23 June 2006

Redeeming Flash with Fjax

I hate Flash. But just suppose it were possible to use it for something else, other than mindless, TV-style animations.

Enter Fjax. Ignore the buzzword overload - "Fjax is the lightweight, cross-browser, rapid-development methodology for Ajax-style web 2.0 development" - and you find its real purpose is to redeem Flash:

Fjax, short for Flash/JavaScript/and Asynchronous XML, is about using Flash as an invisible parsing engine to seamlessly deliver XML-based pure (x)HTML content interactively to browsers, all on the client-side. The kicker is that Fjax typically weighs in at a tenth of the size of normal Ajax solutions.

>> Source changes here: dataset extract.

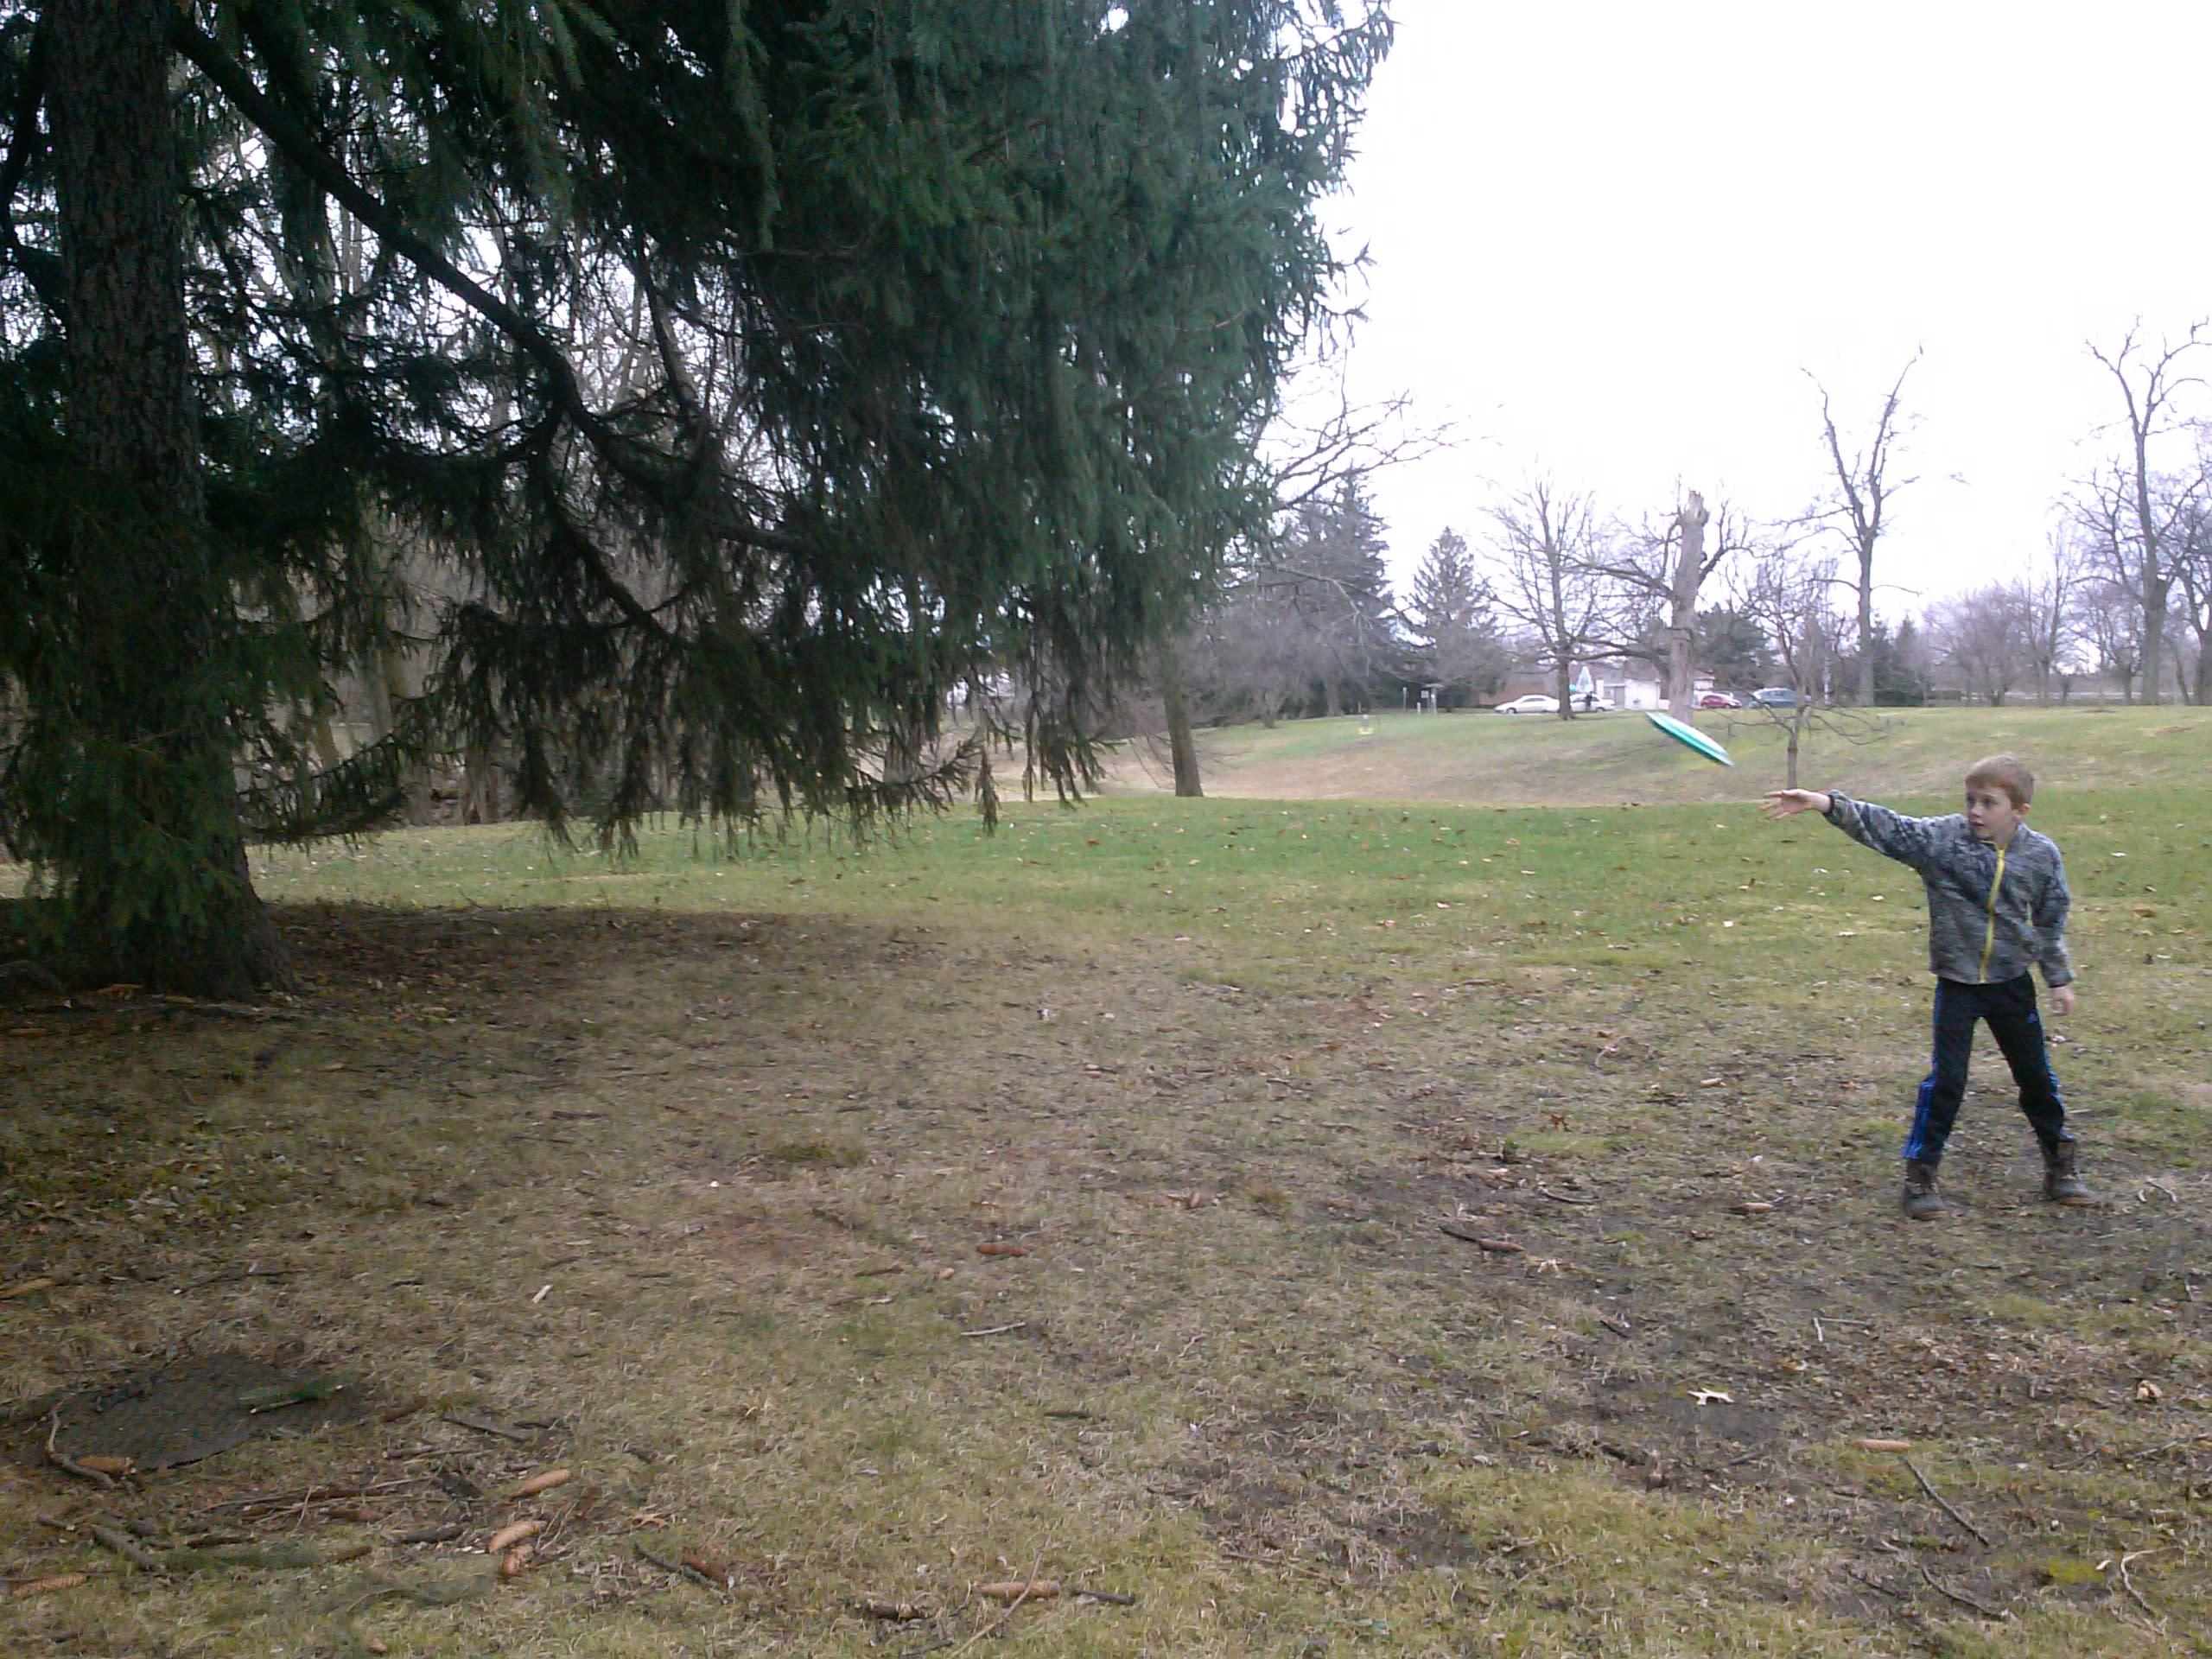 Disc Golf at Swinney Park
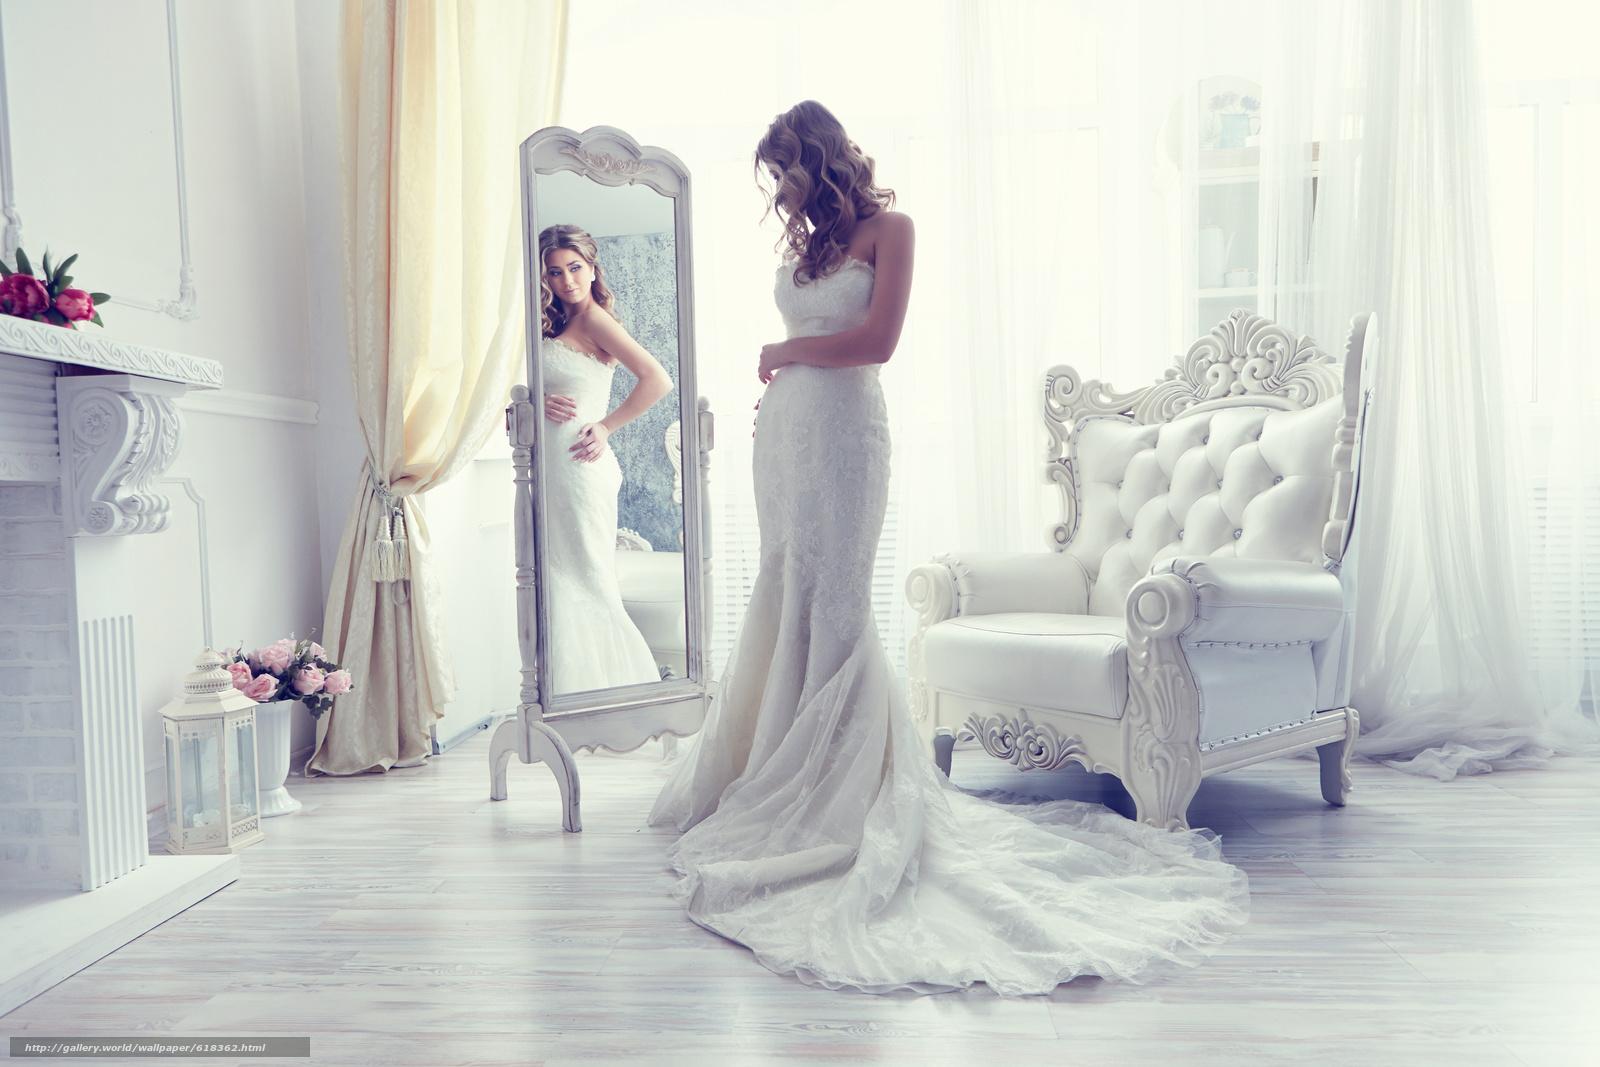 Скачать обои невеста,  свадебное платье,  платье,  зеркало бесплатно для рабочего стола в разрешении 5472x3648 — картинка №618362

Keeping it simple (the http://www.fjax.net website runs on less than 65 lines of Fjax code - weighing only 4 total kilobytes!) means quick, light-weight code that is easily editable. Since the XML parsing happens in Flash, 90% of the redundant browser-specific code in a typical Ajax application completely disappears! And unlike the other Flash and Ajax integration projects out there, the outcome of Fjax is not Flash and (x)HTML, but a pure (x)HTML experience (which could contain an integrated visual Flash experience, but that isn’t required).

Using Flash to produce ordinary, non-Flash Web content more efficiently: utterly brilliant. God knows what their business model is, though. (Via eHub.)